Après des semaines de fermeture, une brasserie du centre-ville de Nice, le Poppies, a accueilli des clients illégalement. Un repas surveillé par la présence des policiers, près de cinquante personnes se sont attablées sur la terrasse couverte de l’établissement.

Peu de masques à l'horizon, le repas semble convivial, mais plane un air de résistance. 

Appel à la désobéissance civile

Malgré la fermeture des restaurants par les décrets anti Covid-19, le gérant Christophe Wilson prône la désobéissance civile et invite tous les restaurateurs de France à ouvrir leur établissement

Au programme des discussions, théories complotistes et volonté d'être libre.

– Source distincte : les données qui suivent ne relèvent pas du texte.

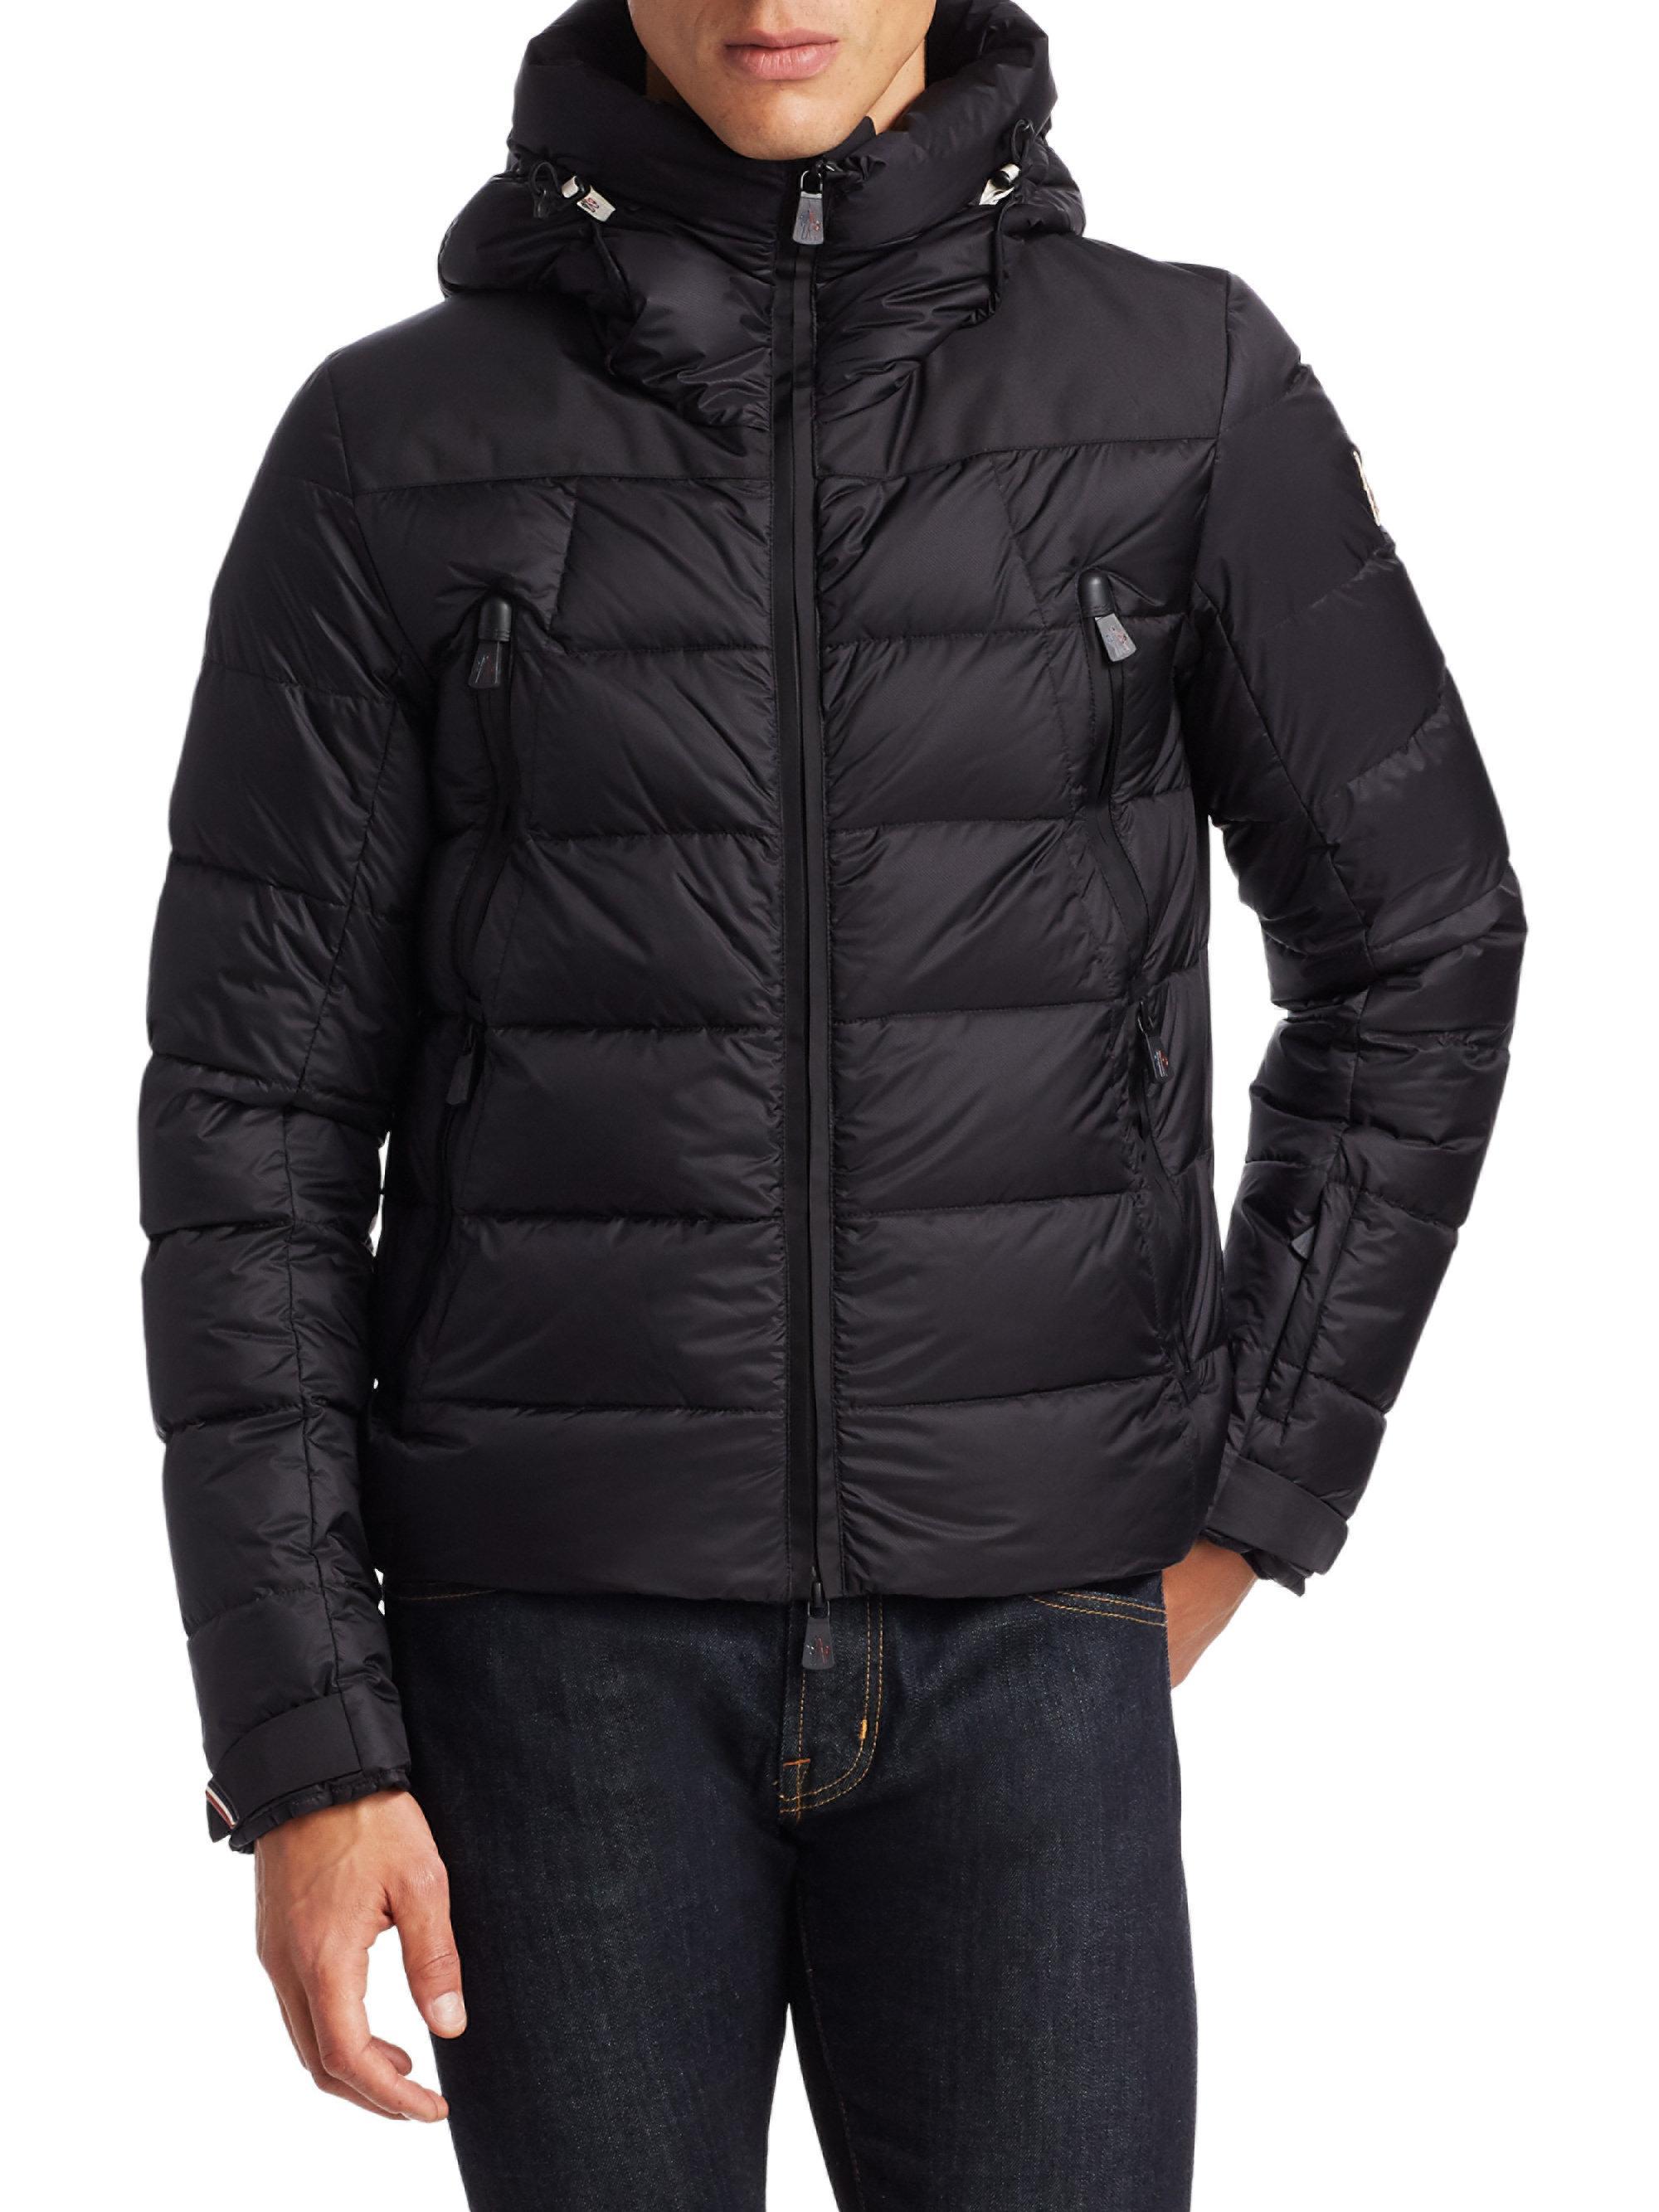 moncler black puffer jacket mens

Les clients du restaurant n'ont pas peur de l'amende, Gilles déclare "si c’est le prix de la liberté, je suis prêt à l’avoir autant de fois qu’ils le veulent". Et même si les discussions ne prêtent pas à sourire, l'ambiance est chaleureuse et semble venir du temps d'avant ...

Les policiers n'ont pas employé la force

Une vingtaine de policiers ont débarqué sur place incitant à évacuer les lieux. Ils ont finalement attendu devant le restaurant sans employer la force. Les services s'enchaînent, au menu : "Gnocchis et daube de bœuf ou dahl de lentilles corail pour les végétariens". Pour soutenir le patron, une "tirelire à amendes" passe entre les tables afin de régler une potentielle amende. Alors que le restaurant est bondé, certains passants ont profité de l'initiative pour prendre une part de tiramisu.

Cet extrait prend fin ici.